» Information shown:
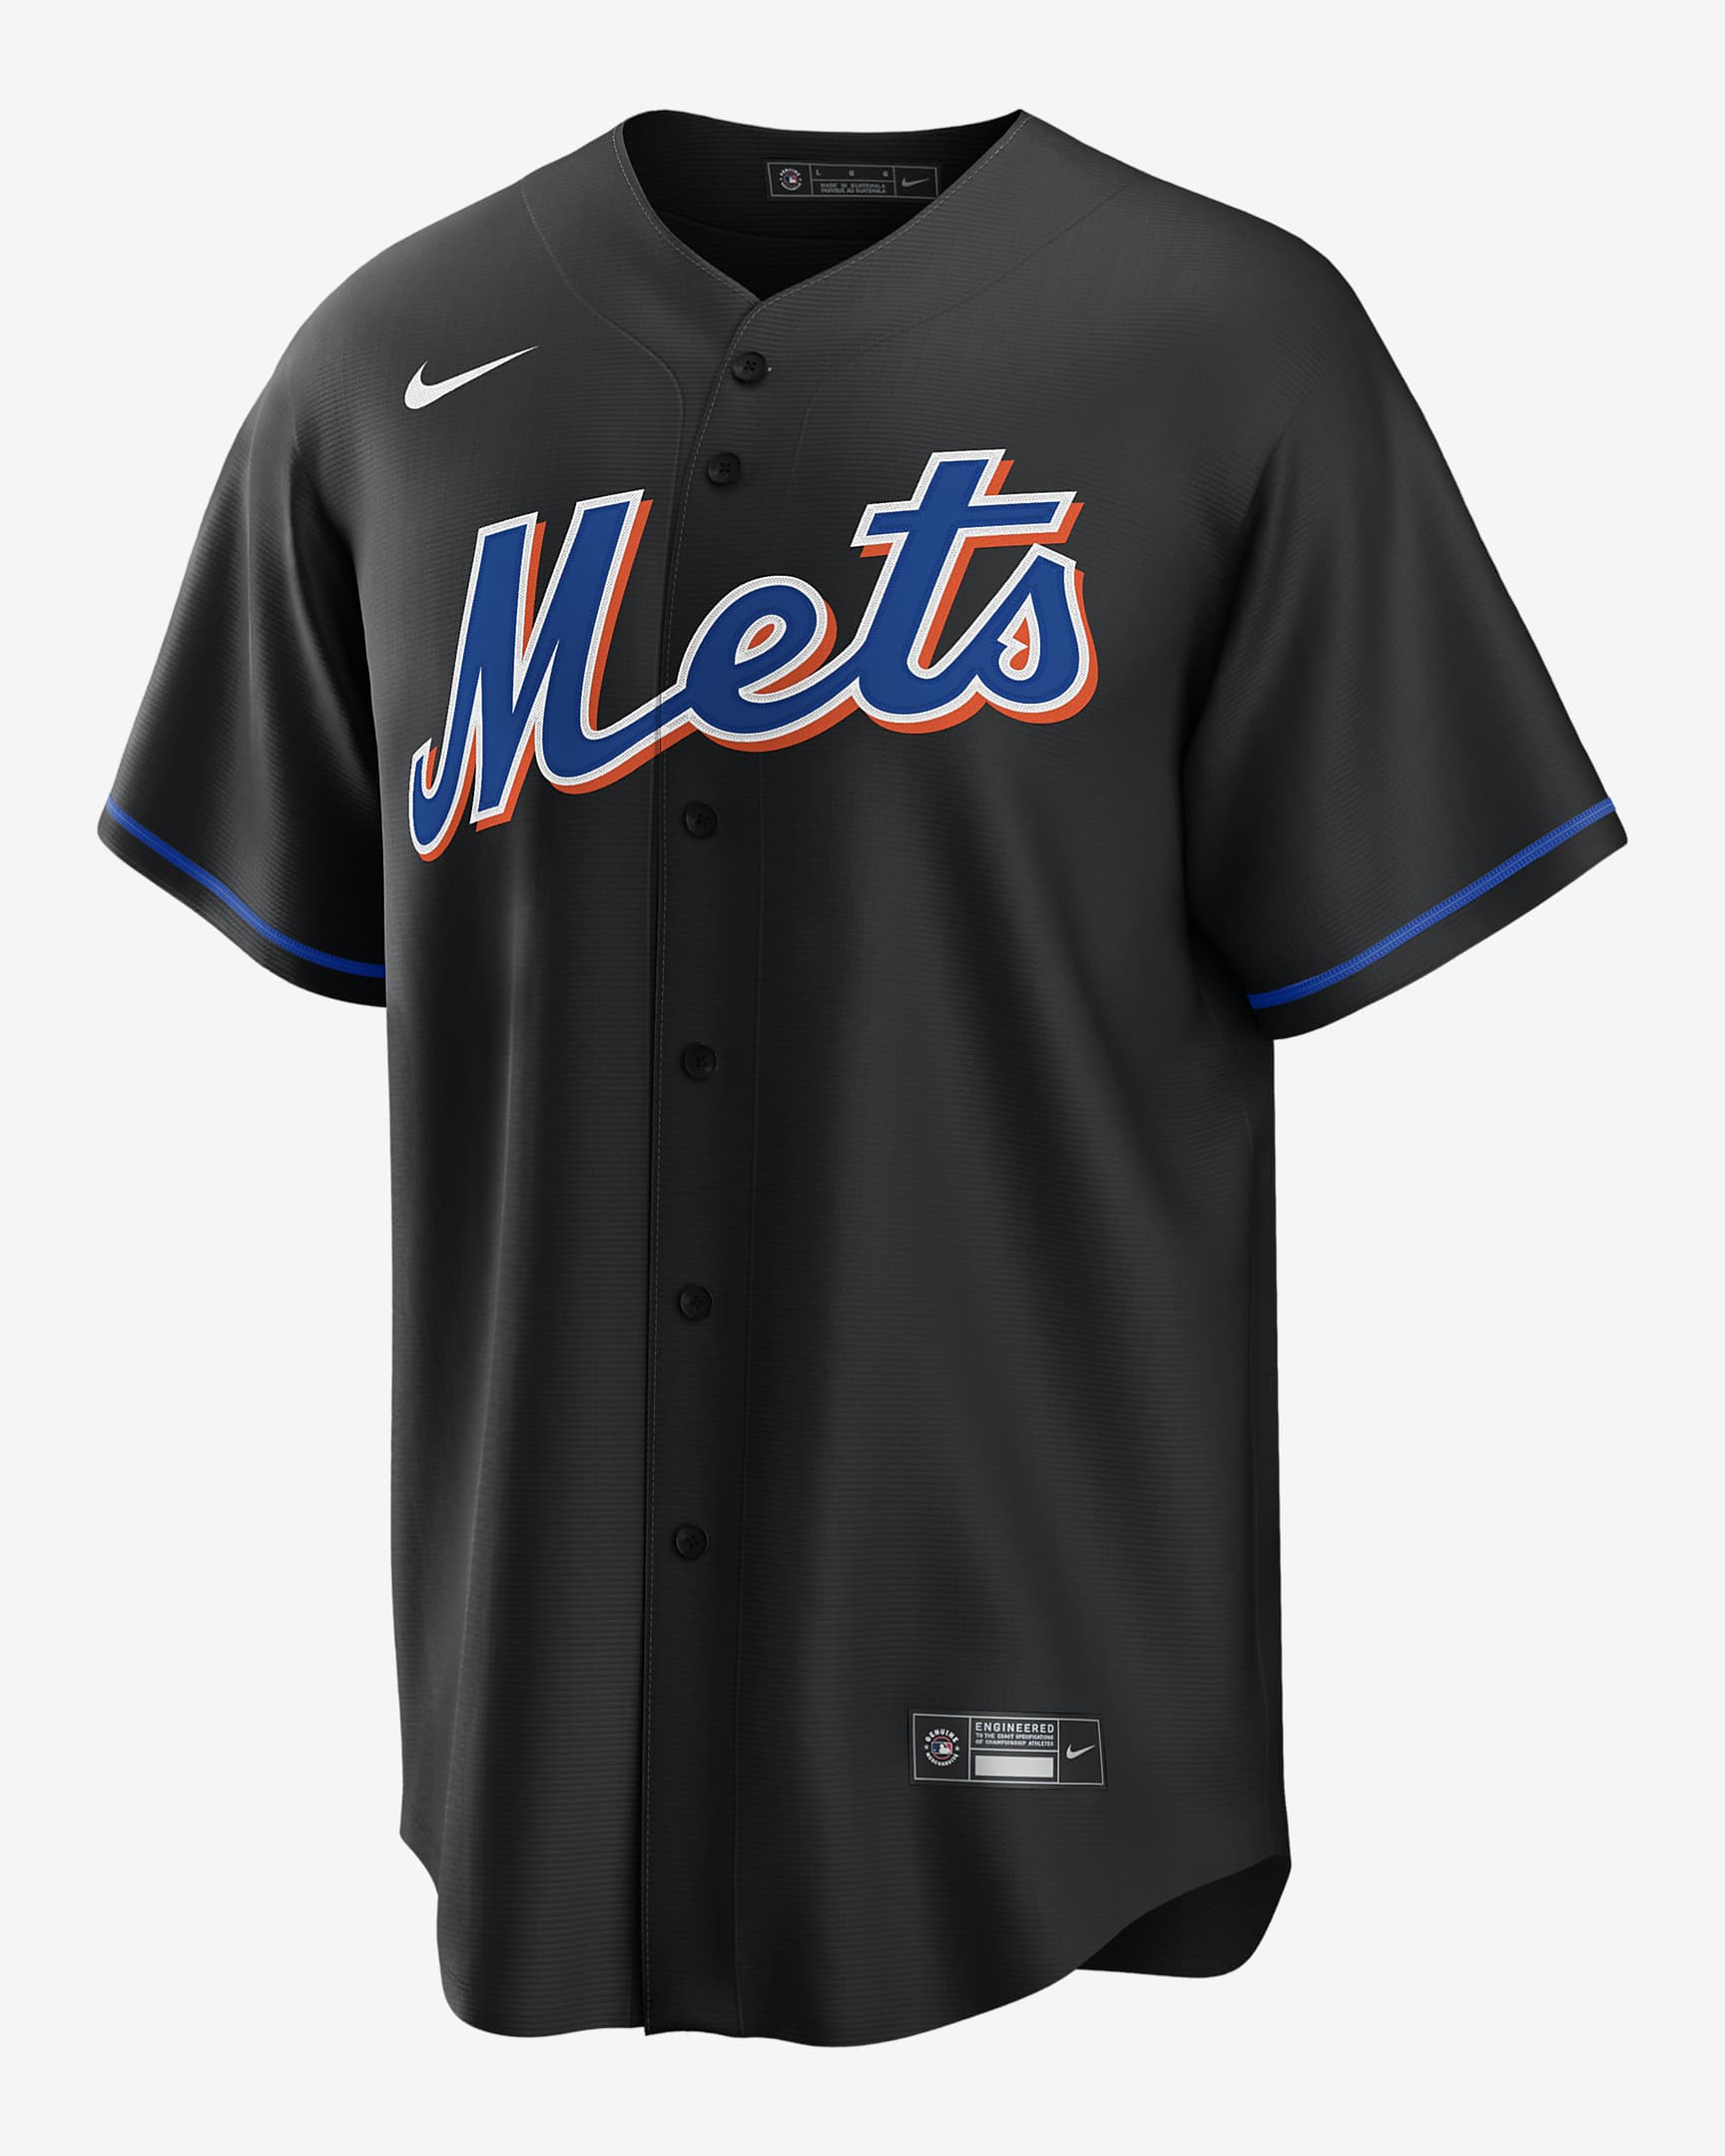 MLB New York Mets (Mike Piazza) Men's Replica Baseball Jersey.
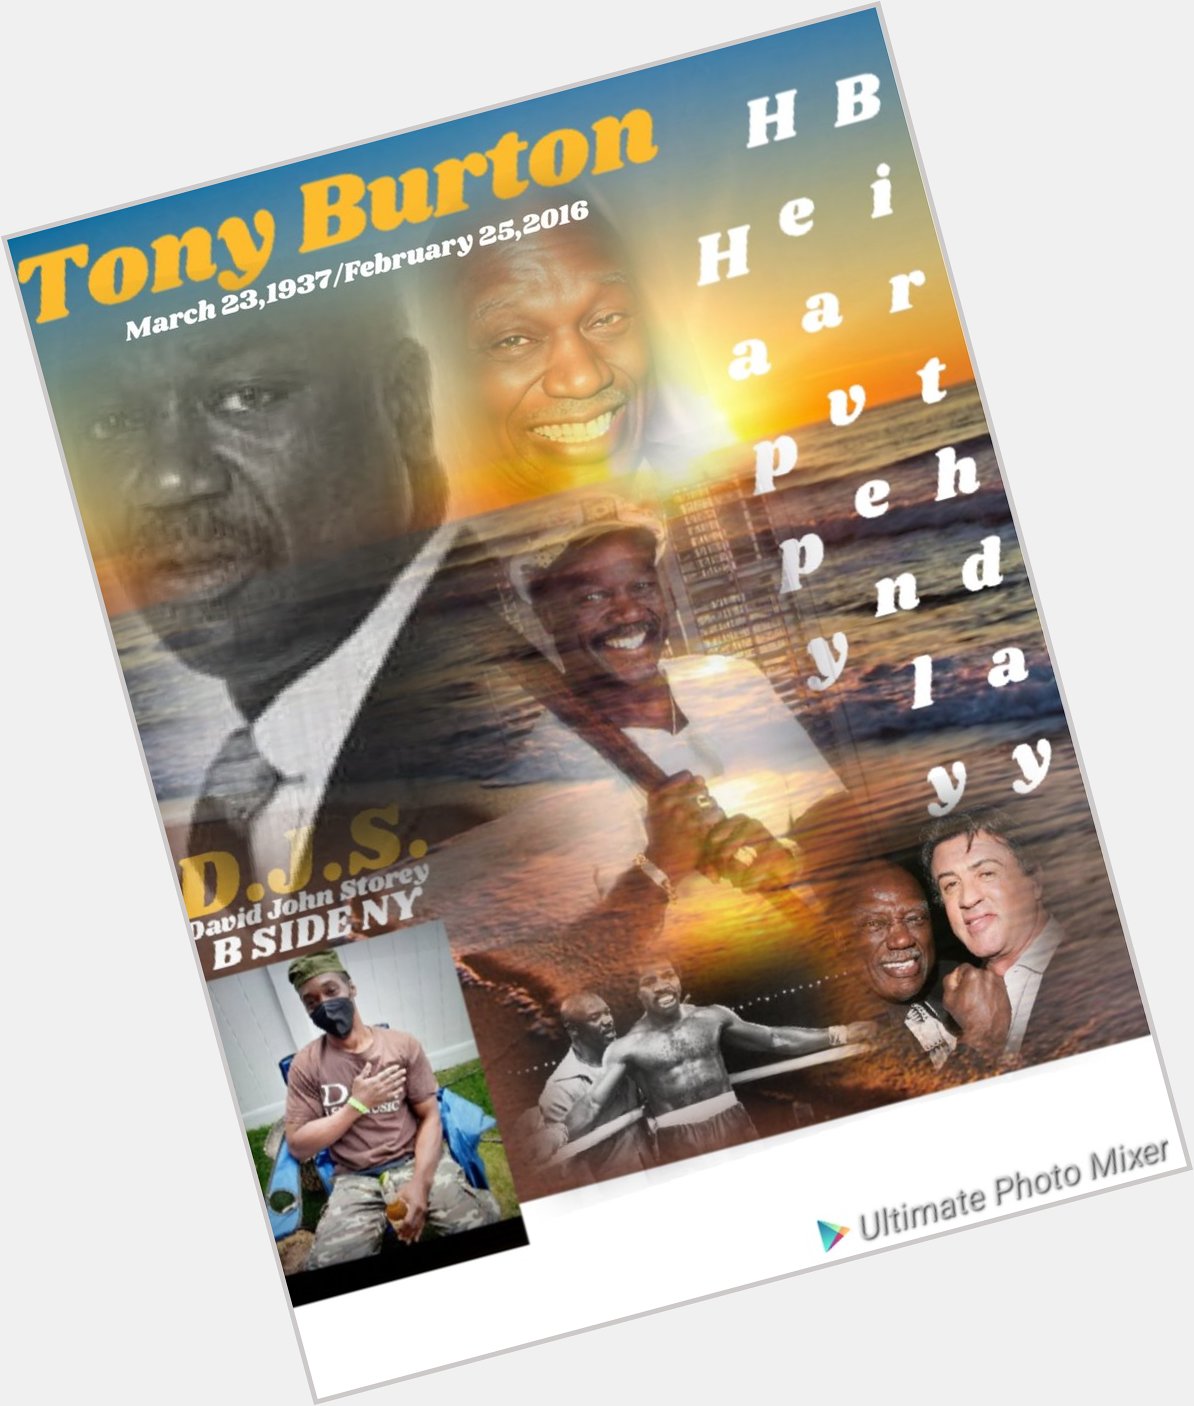 I(D.J.S.)\"B SIDE\" taking time to say Happy Heavenly Birthday to Actor: \"TONY BURTON\"!!!! 
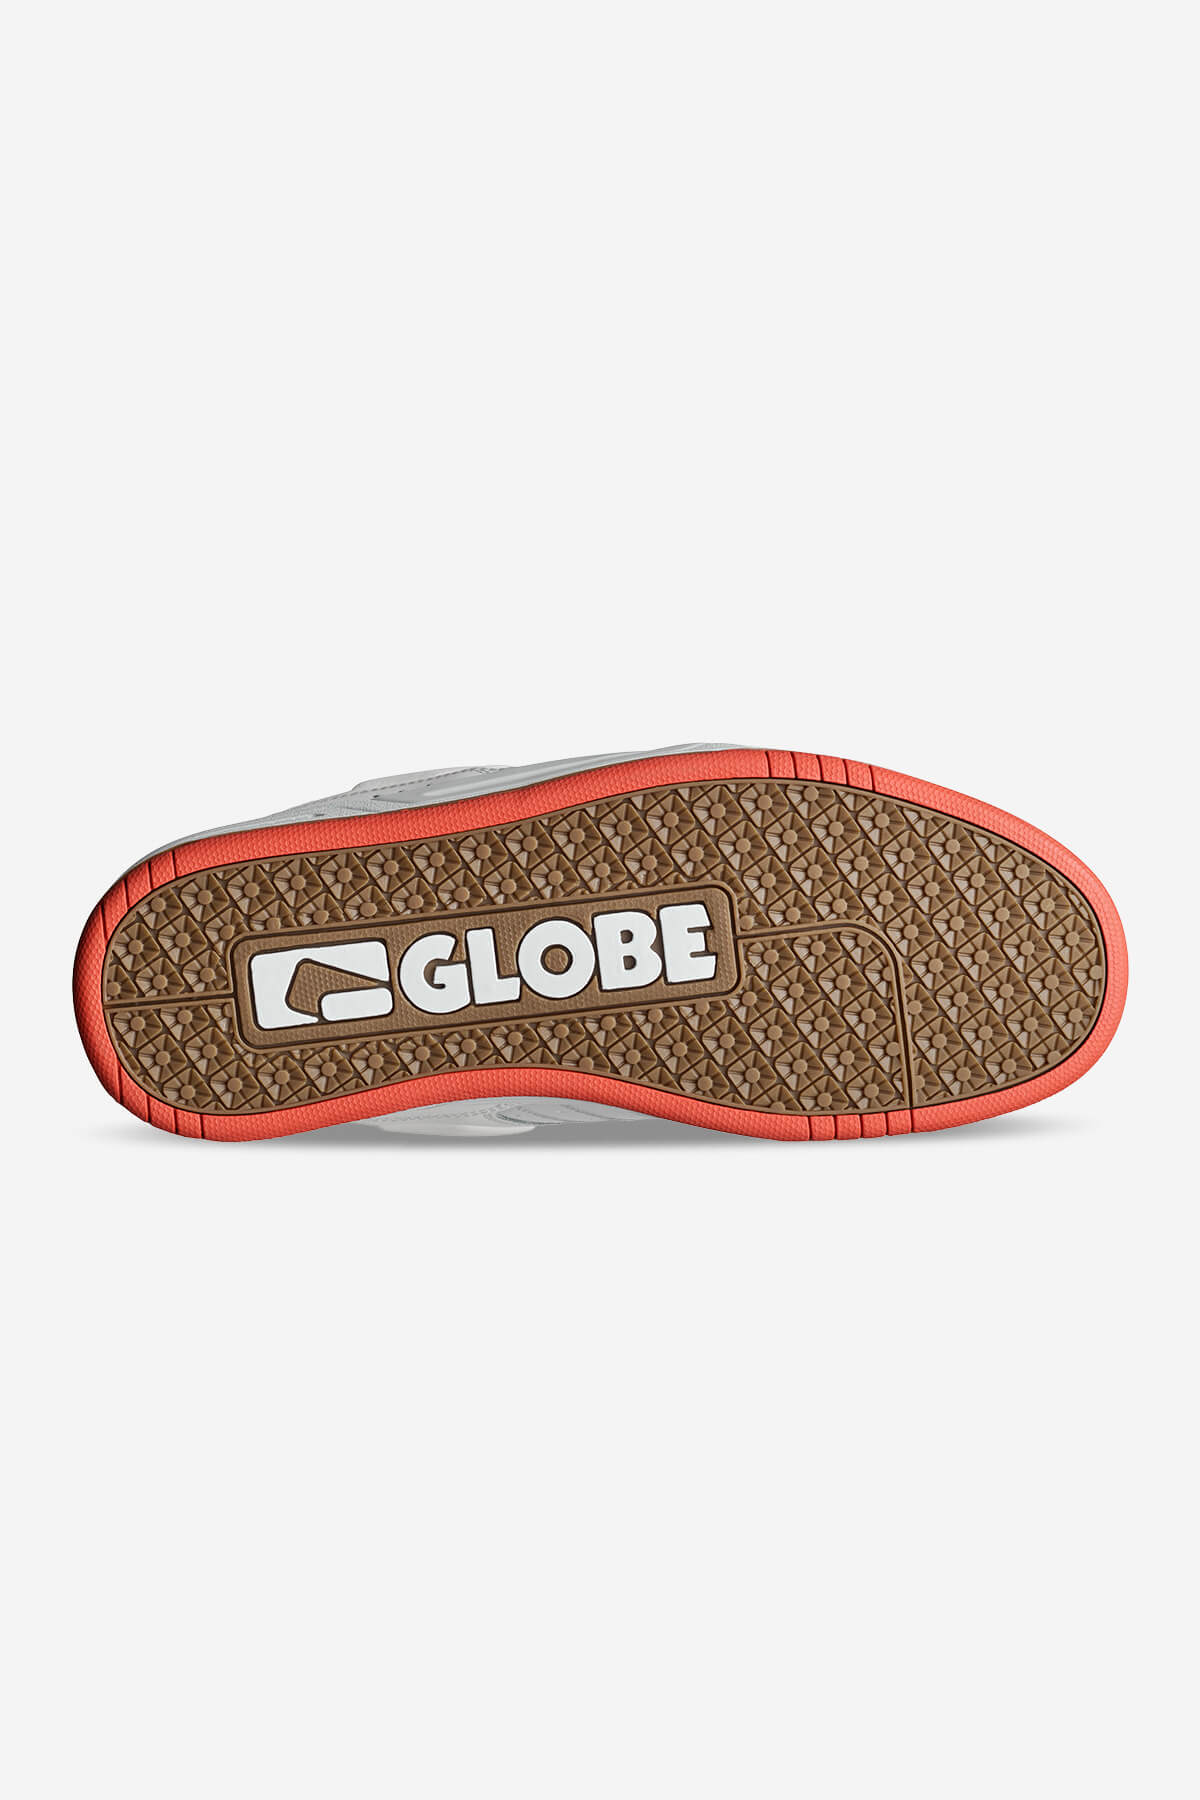 Globe - Fusion - White/Red - skateboard Schoenen

» Instructions for the task:
Without the pictures, retype exactly the lines from the one that holds "taking time to" to the last line of the data above, both of them included.

» Your response:
 I(D.J.S.)\"B SIDE\" taking time to say Happy Heavenly Birthday to Actor: \"TONY BURTON\"!!!! 
 Globe - Fusion - White/Red - skateboard Schoenen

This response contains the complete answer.